In the run-up to this week’s ducking and weaving, Mr. Trump has done all he can to suggest other possible explanations for the hacks into the American political system. His fear, according to one of his closest aides who spoke on the condition of anonymity, is that any admission of even an unsuccessful Russian attempt to influence the 2016 vote raises questions about the legitimacy of his presidency.
The Jan. 6, 2017, meeting, held at Trump Tower, was a prime example. He was briefed that day by John O. Brennan, the C.I.A. director; James R. Clapper Jr., the director of national intelligence; and Adm. Michael S. Rogers, the director of the National Security Agency and the commander of United States Cyber Command.
The F.B.I. director, James B. Comey, was also there; after the formal briefing, he privately told Mr.
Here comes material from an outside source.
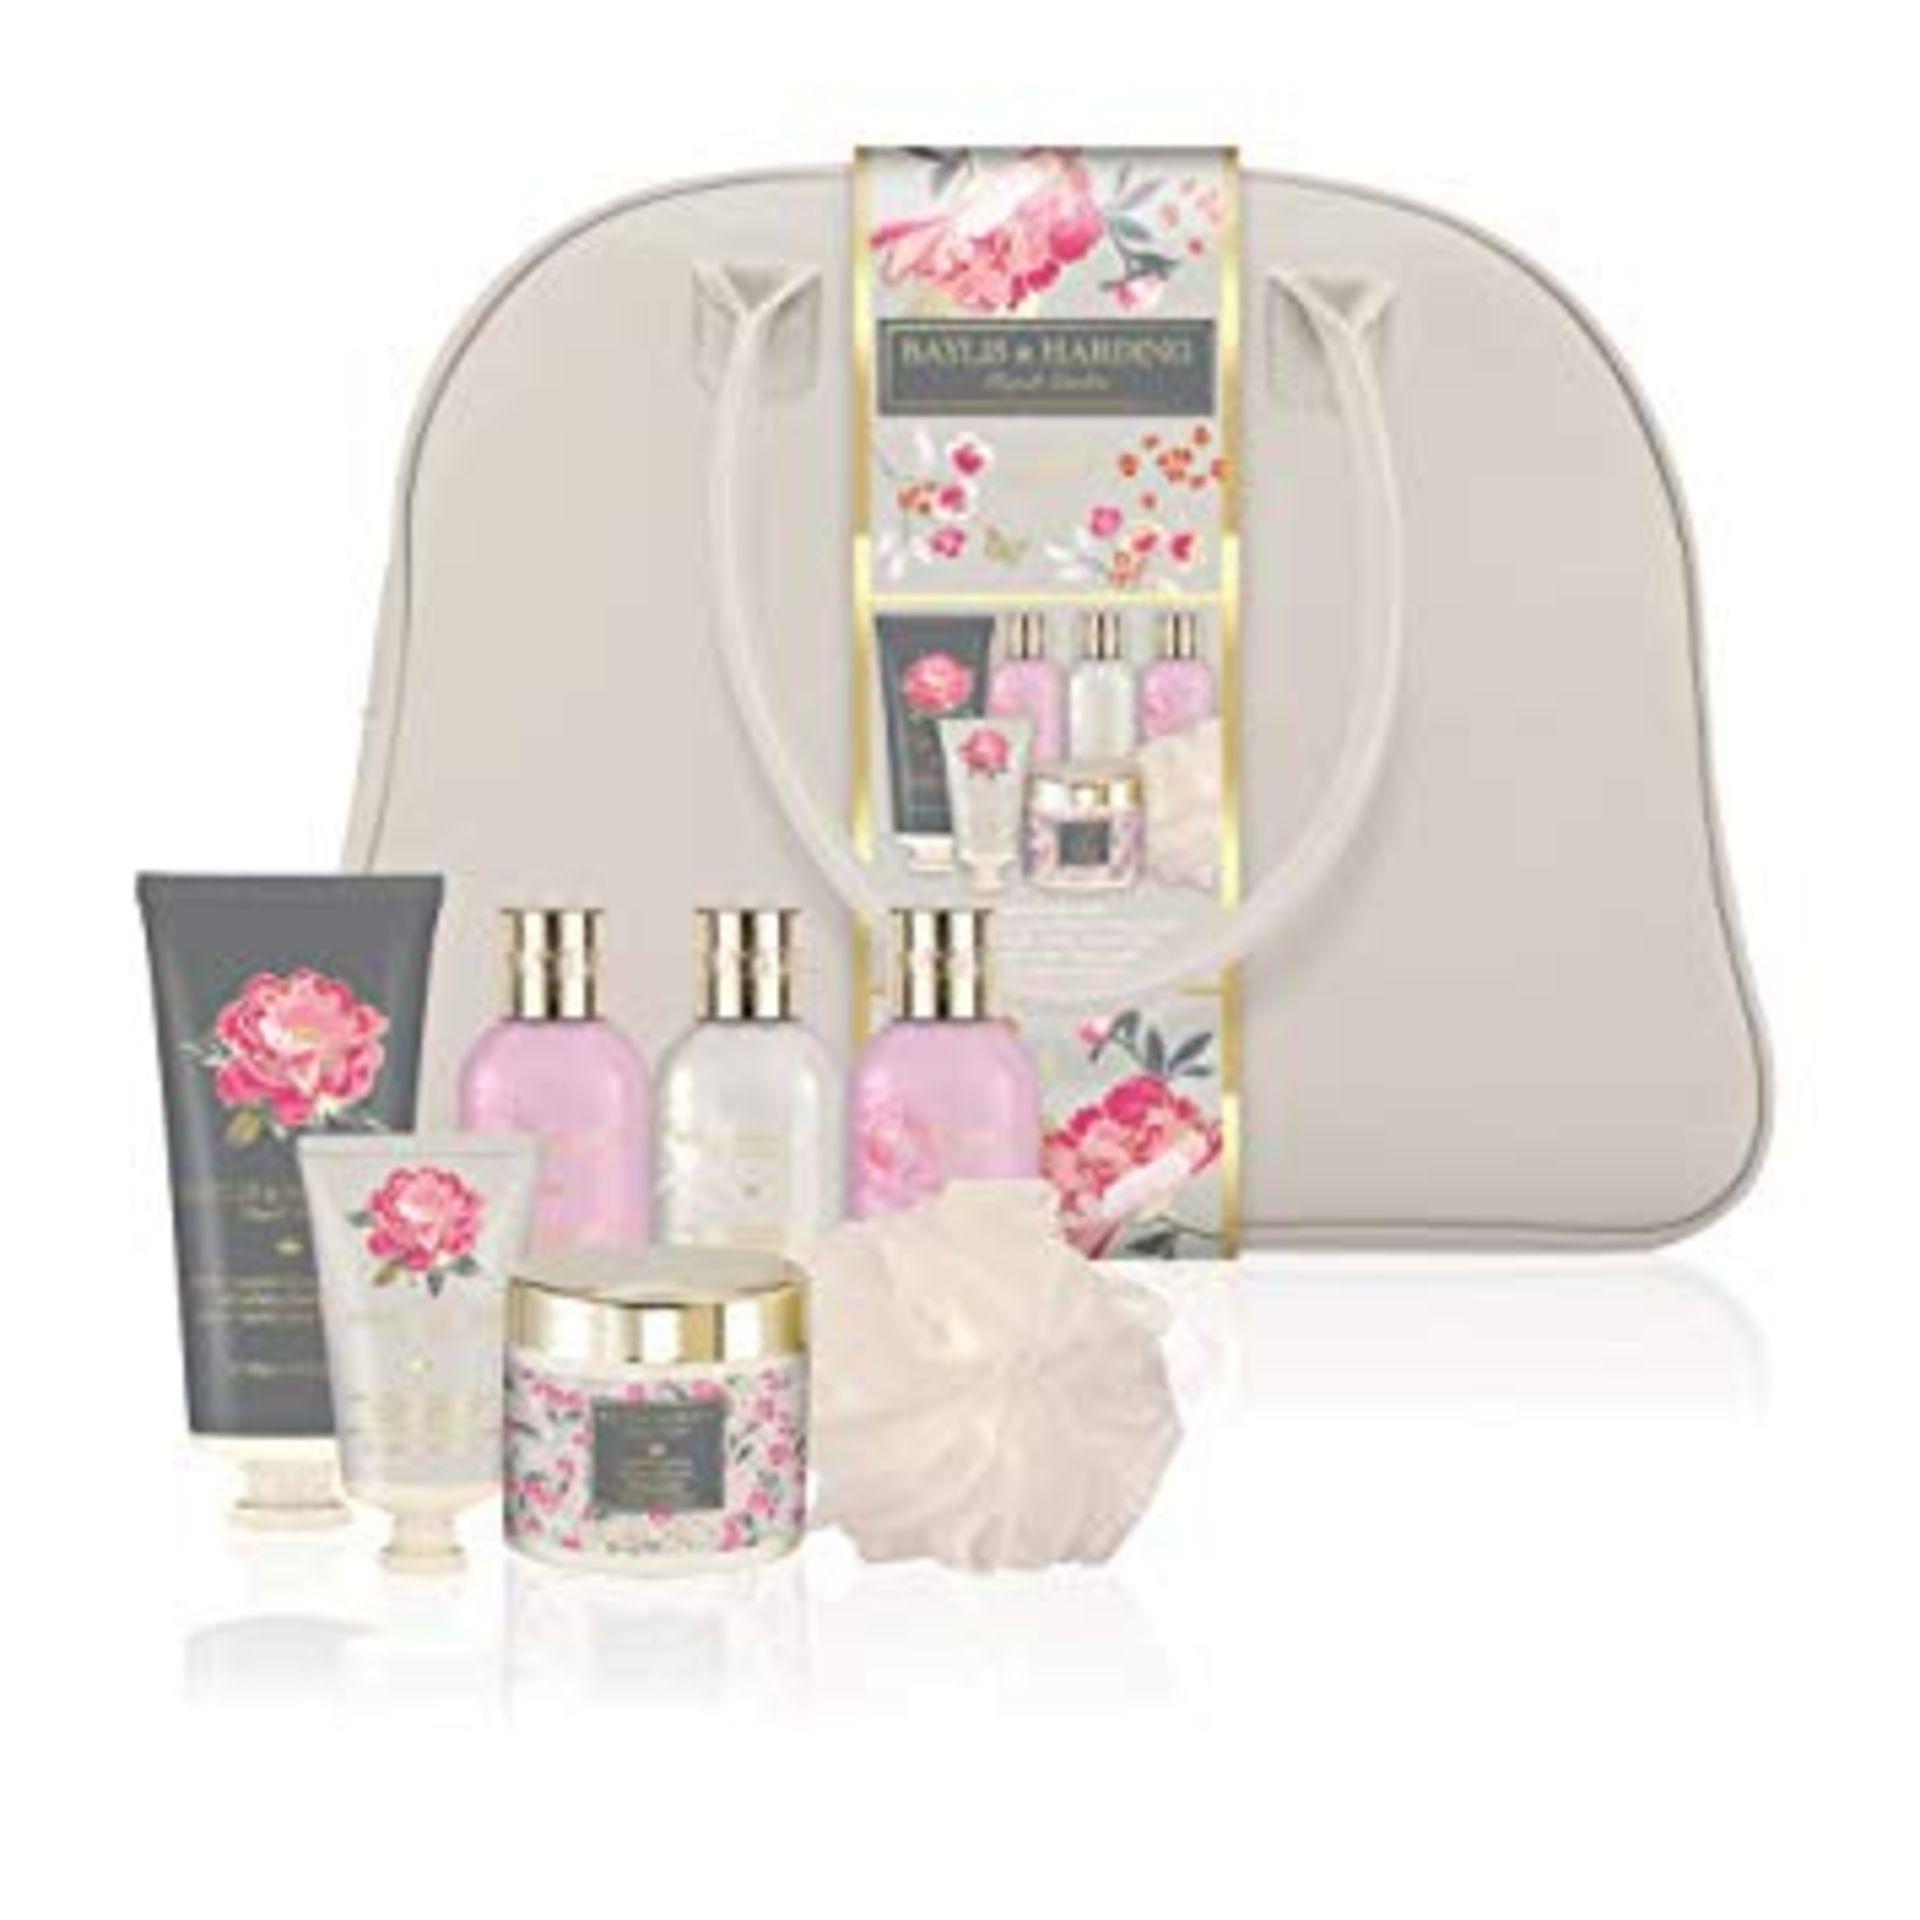 Lot 18187 - V Brand New Baylis & Harding Pink Magnolia & Pear Blossom Weekend Bag Inc 200ml Body Wash + 100ml

Trump about the “Steele dossier.” That report, by a former British intelligence officer, included uncorroborated salacious stories of Mr. Trump’s activities during a visit to Moscow, which he denied.
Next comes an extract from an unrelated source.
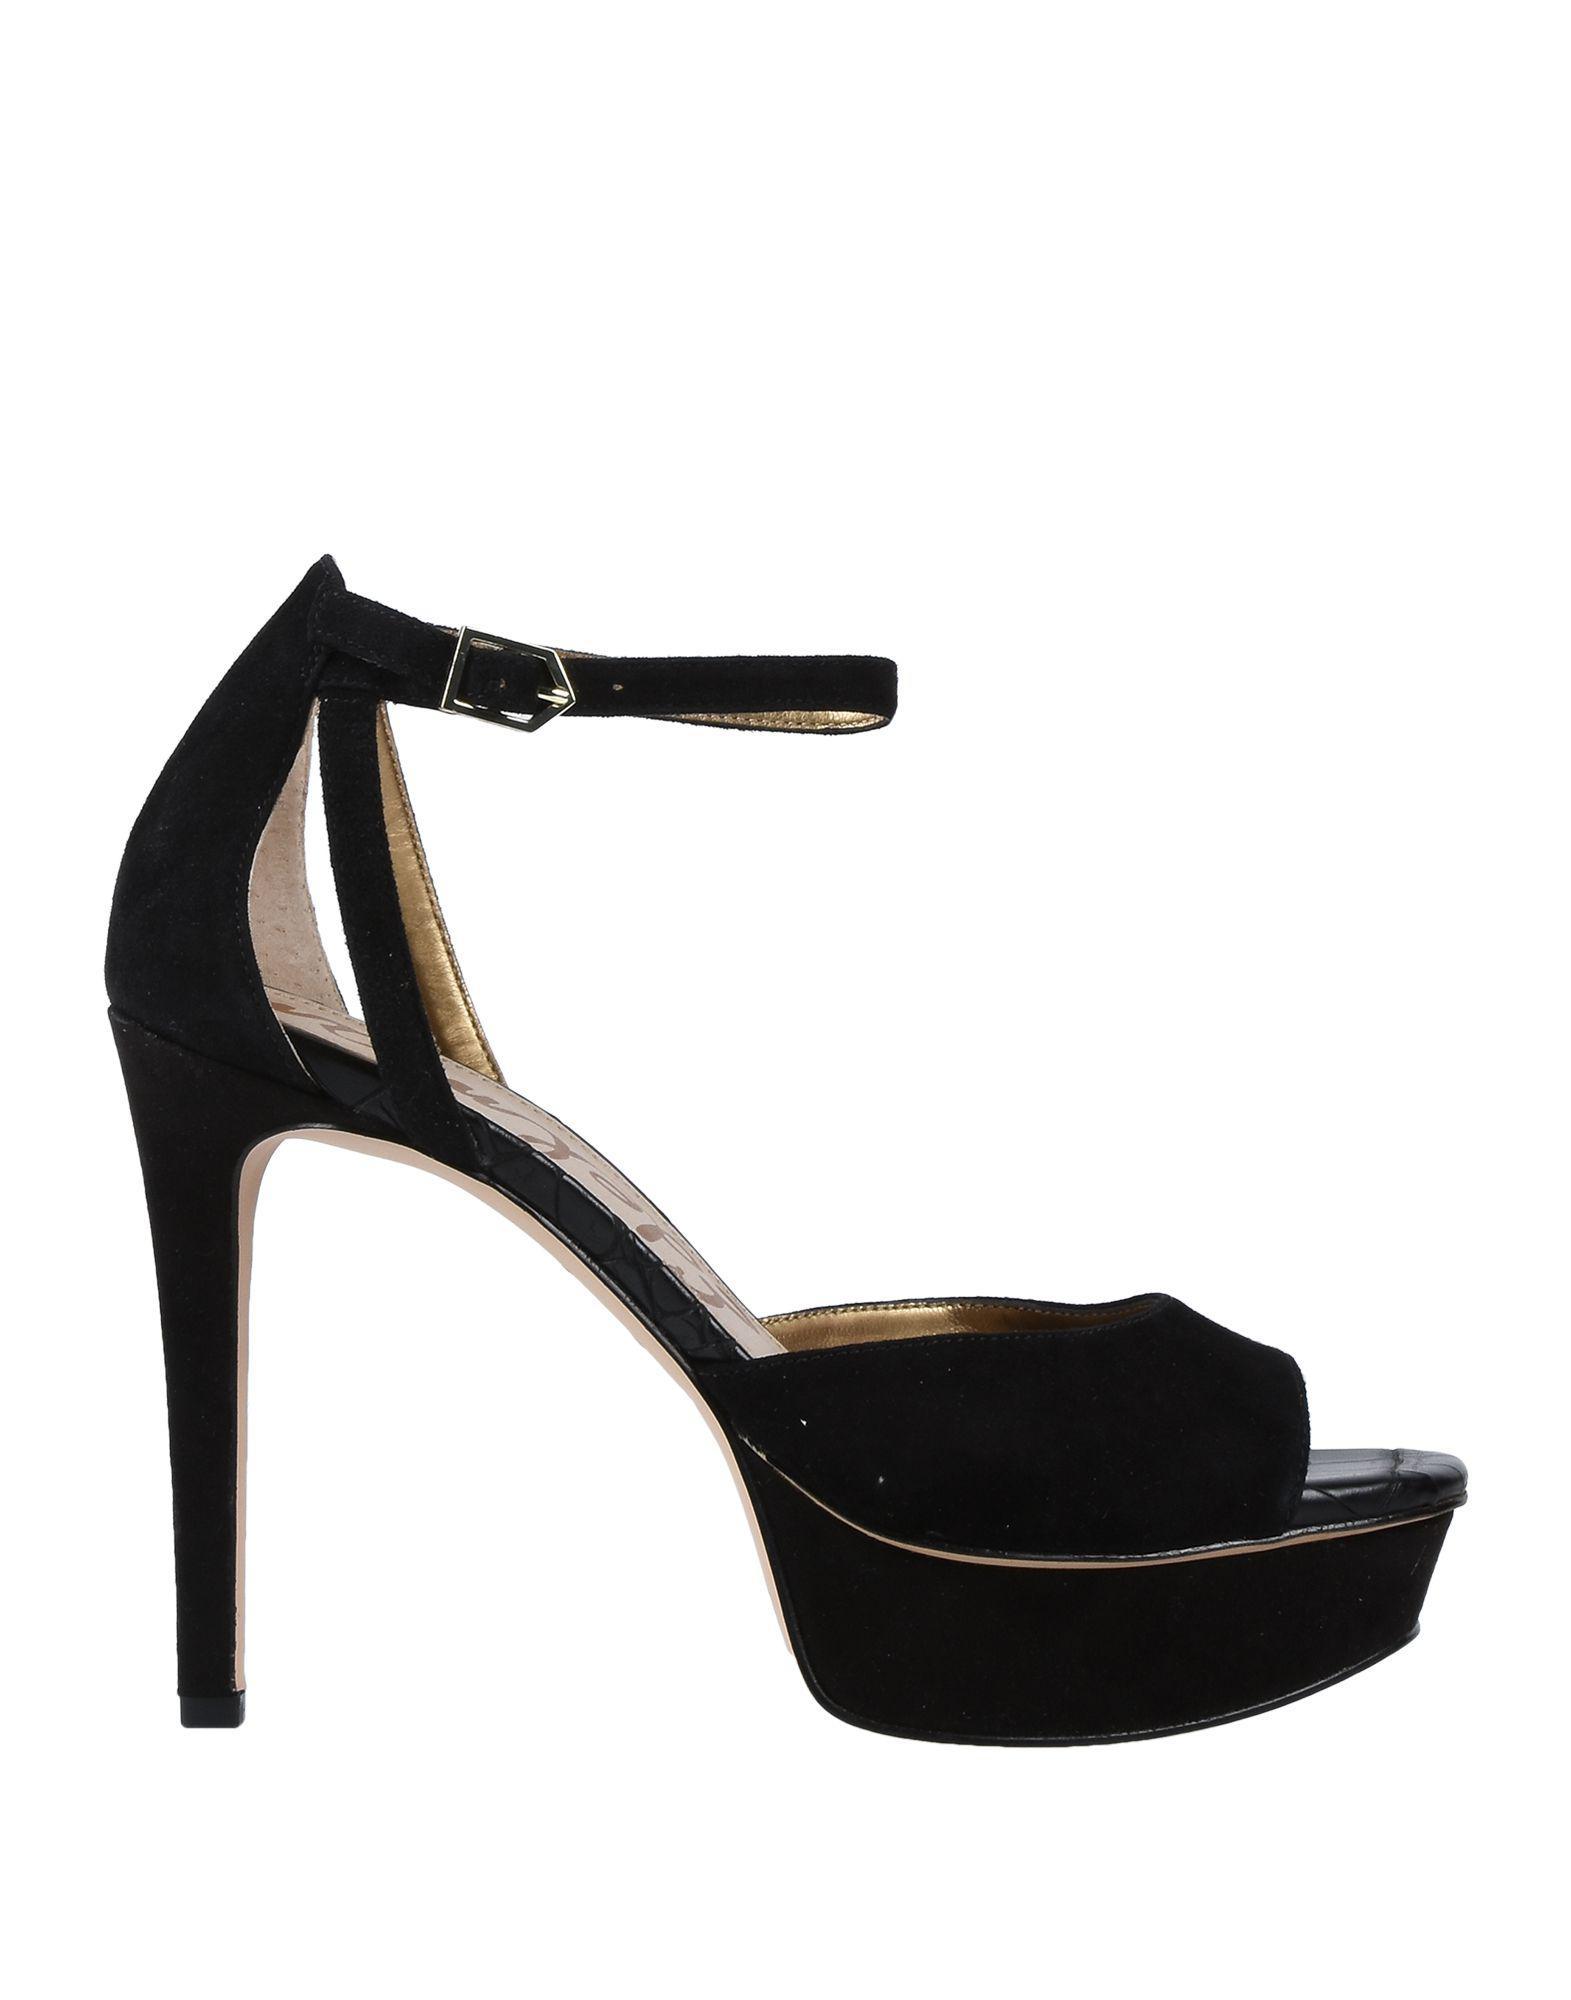 de8fbbee99e062 Lyst - Sam Edelman Sandals in Black

According to nearly a dozen people who either attended the meeting with the president-elect or were later briefed on it, the four primary intelligence officials described the streams of intelligence that convinced them of Mr. Putin’s role in the election interference.
They included stolen emails from the Democratic National Committee that had been seen in Russian military intelligence networks by the British, Dutch and American intelligence services. Officers of the Russian intelligence agency formerly known as the G.R.U. had plotted with groups like WikiLeaks on how to release the email stash.
And ultimately, several human sources had confirmed Mr. Putin’s own role.
That included one particularly valuable source, who was considered so sensitive that Mr. Brennan had declined to refer to it in any way in the Presidential Daily Brief during the final months of the Obama administration, as the Russia investigation intensified.
Instead, to keep the information from being shared widely, Mr. Brennan sent reports from the source to Mr. Obama and a small group of top national security aides in a separate, white envelope to assure its security.
Mr. Trump and his aides were also given other reasons during the briefing to believe that Russia was behind the D.N.C. hacks.
The same Russian groups had been involved in cyberattacks on the State Department and White House unclassified email systems in 2014 and 2015, and in an attack on the Joint Chiefs of Staff. They had aggressively fought the N.S.A. against being ejected from the White House system, engaging in what the deputy director of the agency later called “hand-to-hand combat” to dig in.
The pattern of the D.N.C. hacks, and the theft of emails from John D. Podesta, Hillary Clinton’s campaign chairman, fit the same pattern.
After the briefings, Mr. Trump issued a statement later that day that sought to spread the blame for the meddling. He said “Russia, China and other countries, outside groups and countries” were launching cyberattacks against American government, businesses and political organizations — including the D.N.C.
Still, Mr. Trump said in his statement, “there was absolutely no effect on the outcome of the election.”
Mr. Brennan later told Congress that he had no doubt where the attacks were coming from.
“I was convinced in the summer that the Russians were trying to interfere in the election,” he said in testimony in May 2017. “And they were very aggressive.”
For Mr. Trump, the messengers were as much a part of the problem as the message they delivered.
Mr. Brennan and Mr. Clapper were both Obama administration appointees who left the government the day Mr. Trump was inaugurated. The new president soon took to portraying them as political hacks who had warped the intelligence to provide Democrats with an excuse for Mrs. Clinton’s loss in the election.
Mr. Comey fared little better. He was fired in May 2017 after refusing to pledge his loyalty to Mr. Trump and pushing forward on the federal investigation into whether the Trump campaign had cooperated with Russia’s election interference.